▶ **Listed records**:
----------------------------------------
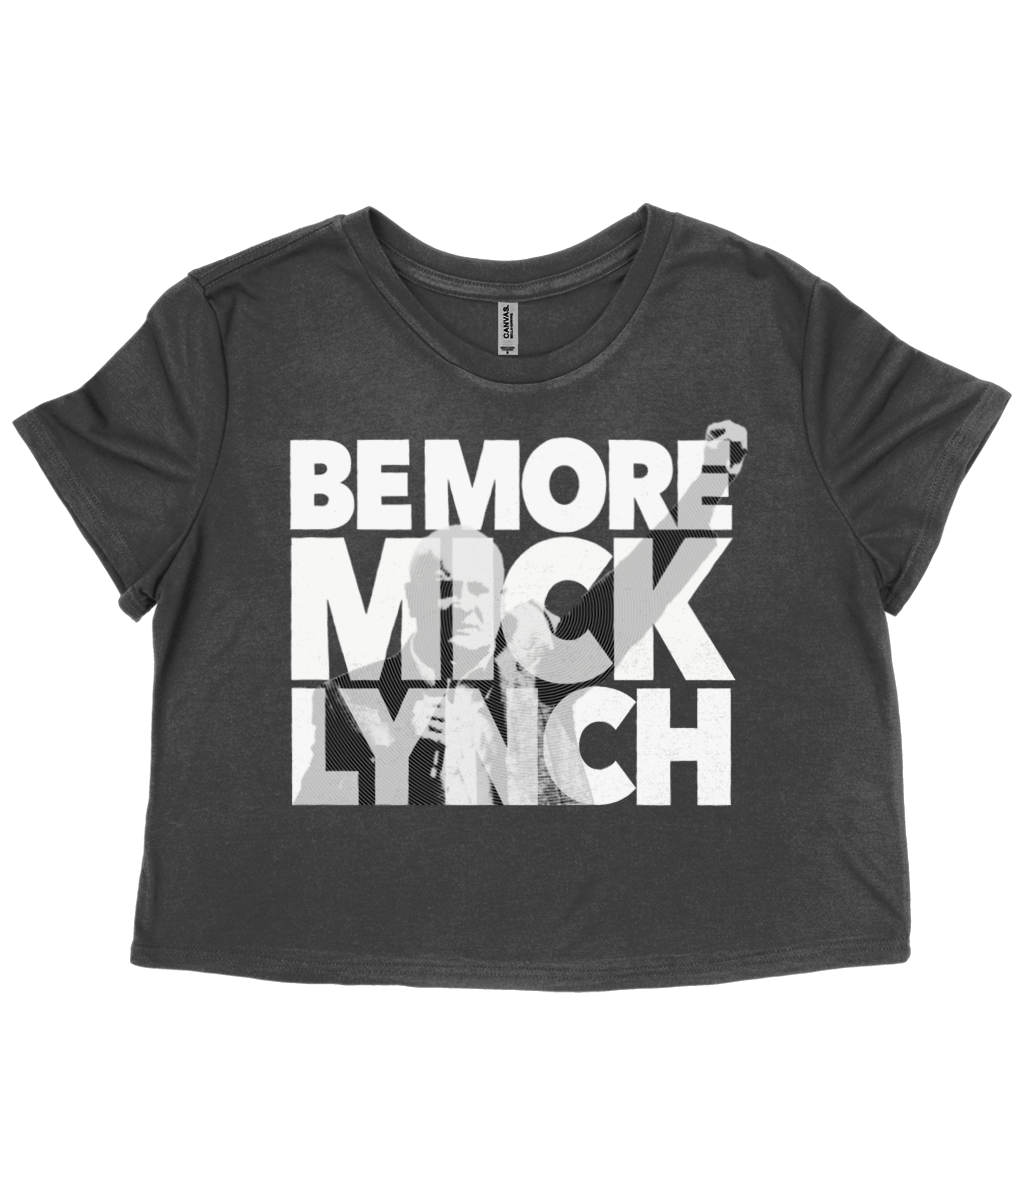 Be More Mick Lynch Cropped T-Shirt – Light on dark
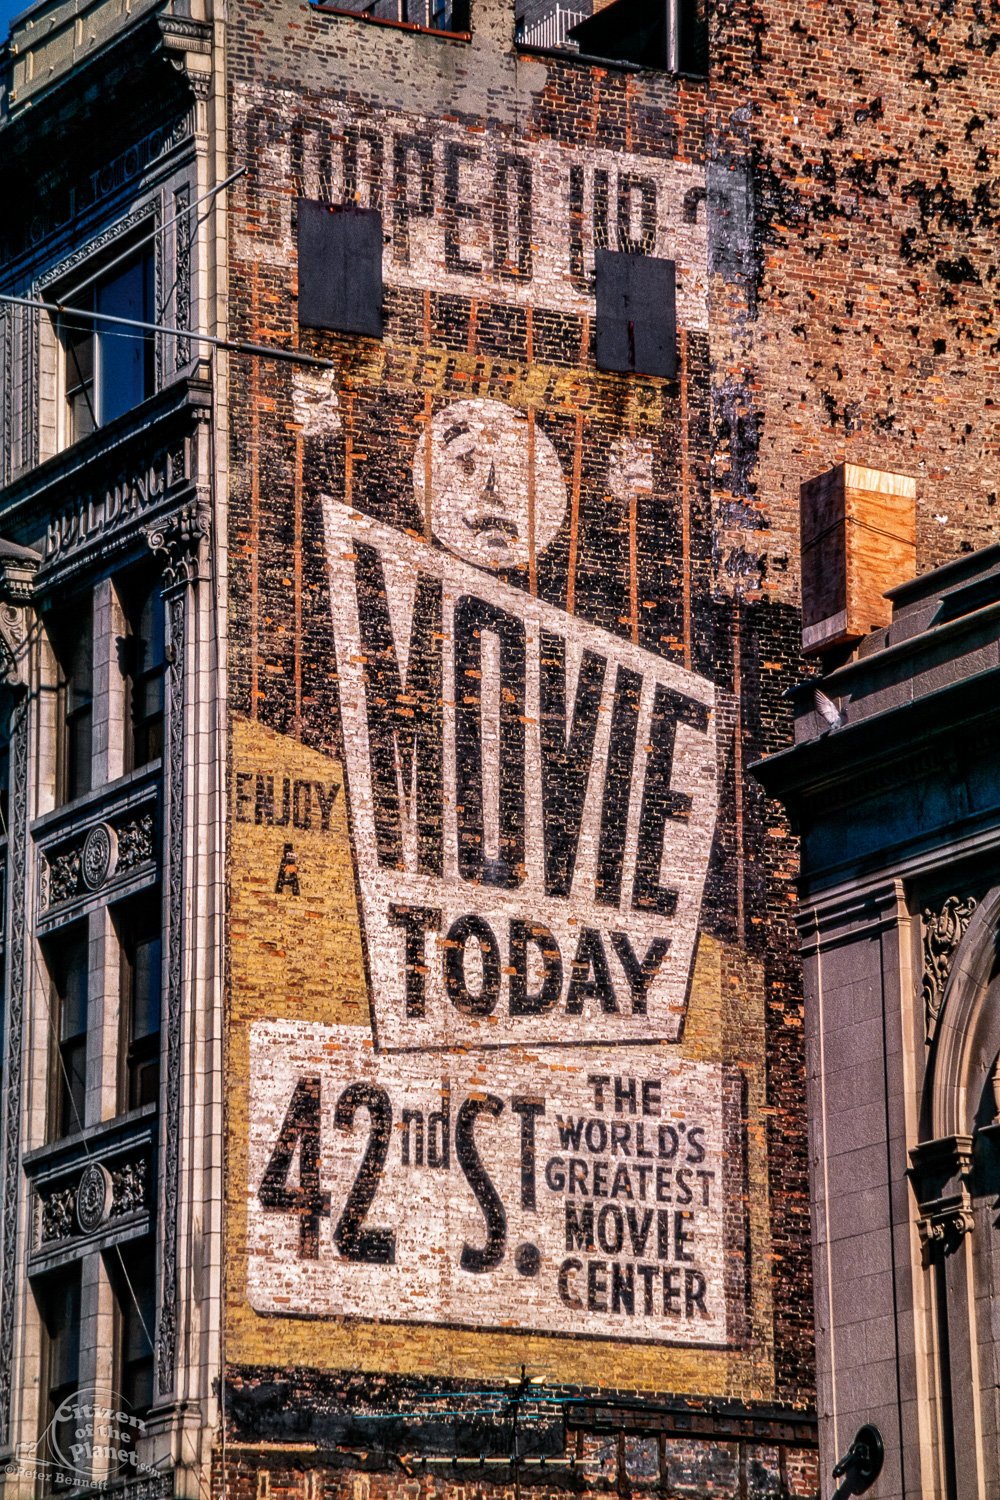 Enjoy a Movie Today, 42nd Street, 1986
----------------------------------------
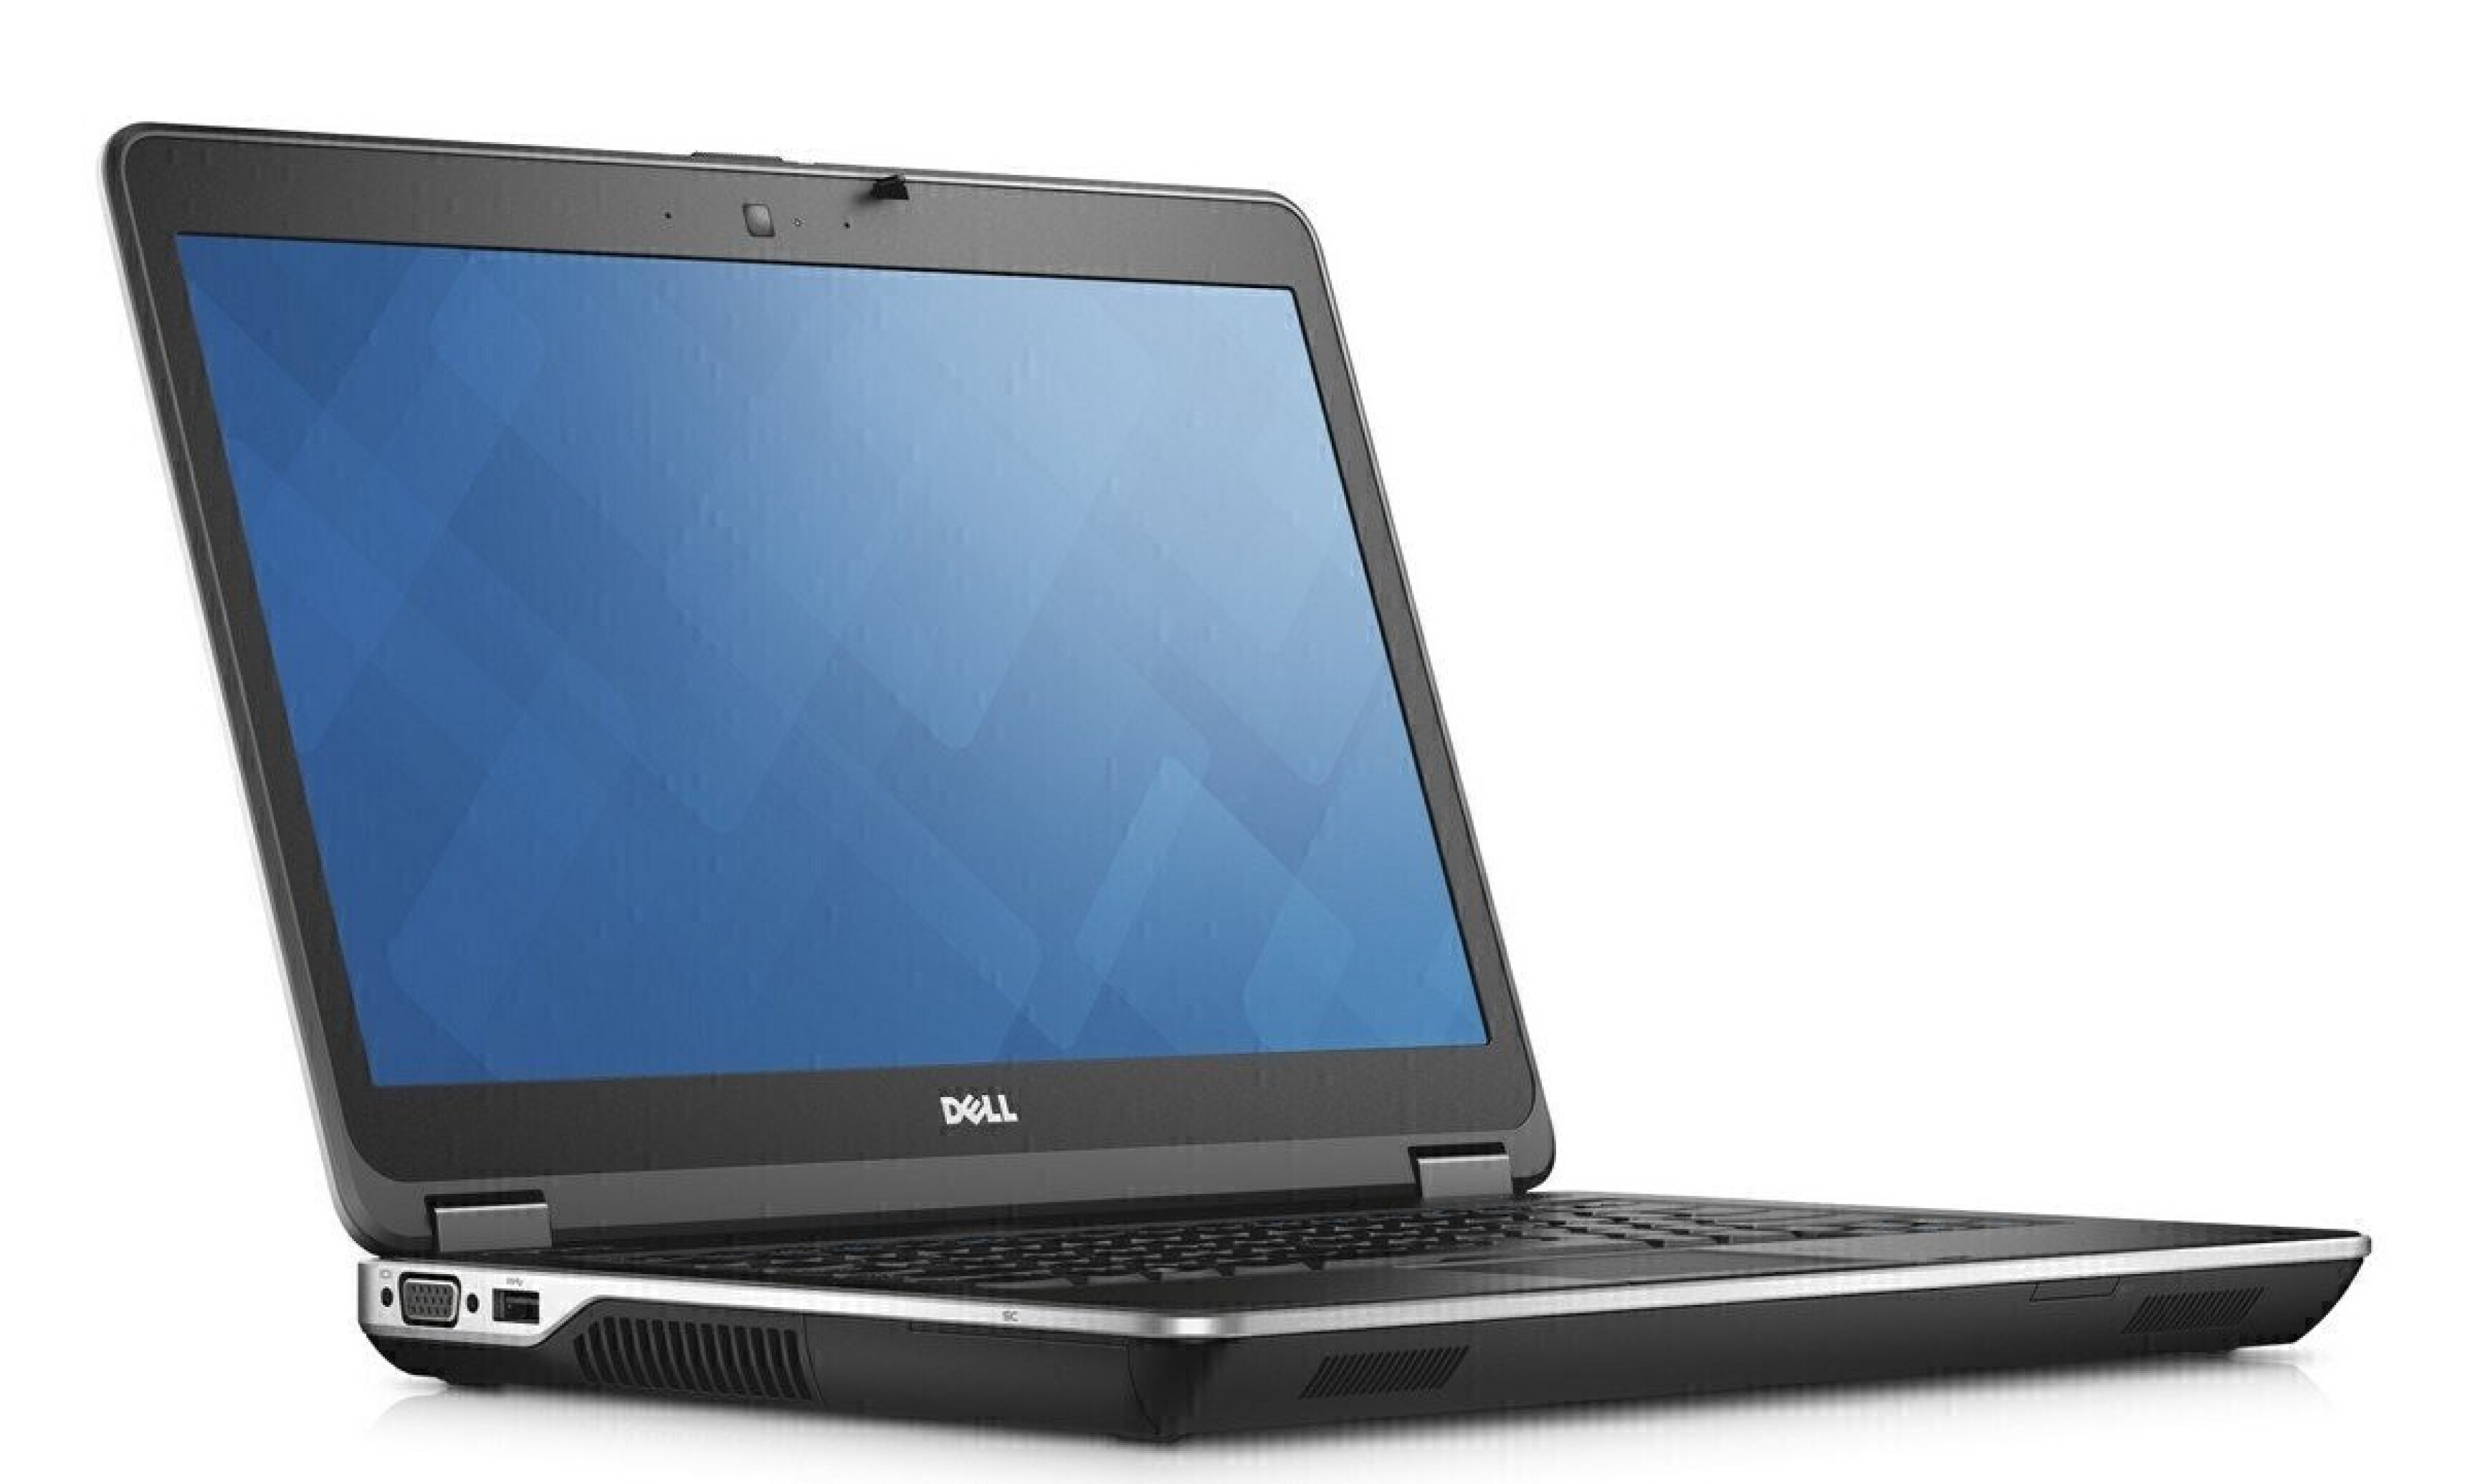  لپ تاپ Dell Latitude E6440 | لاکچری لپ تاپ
----------------------------------------
▶ **Work instruction**:
The answer is the lines above from the one with "Be More Mick" to the one with "Enjoy a Movie Today, 42nd Street, 1986", set down exactly, with no pictures.

▶ **Expected answer**:
 Be More Mick Lynch Cropped T-Shirt – Light on dark
 Enjoy a Movie Today, 42nd Street, 1986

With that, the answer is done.